Embodiment example 2
[0066] Enzyme production condition optimization of implementation case 2 bacterial strain
[0067] 1. Effect of fermentation time on the enzyme activity of the strain
[0068] The cultivated seed liquid is inoculated in the LB liquid medium of 100ml, 37 DEG C, 180rpm shaker culture, every 12h gets fermented liquid and measures the enzyme activity of fermented liquid (every group sets three parallels), draws the most of bacterial strain The best fermentation time is 36h ( figure 2 ).

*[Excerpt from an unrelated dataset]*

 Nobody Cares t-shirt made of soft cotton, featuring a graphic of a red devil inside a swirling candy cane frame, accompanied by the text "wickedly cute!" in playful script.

[0069] 2. Effect of fermentation temperature on the enzyme activity of the strain
[0070] Inoculate the cultured seed solution into 100ml of LB liquid medium, set the temperature at 30°C, 33°C, 37°C, 40°C, 43°C, and culture on a shaker at 180rpm for 36h, and set 3 parallels for each treatment. The fermented liquid was taken to measure the enzyme activity, and the optimal culture temperature of the bacterial strain was 37°C ( image 3 ).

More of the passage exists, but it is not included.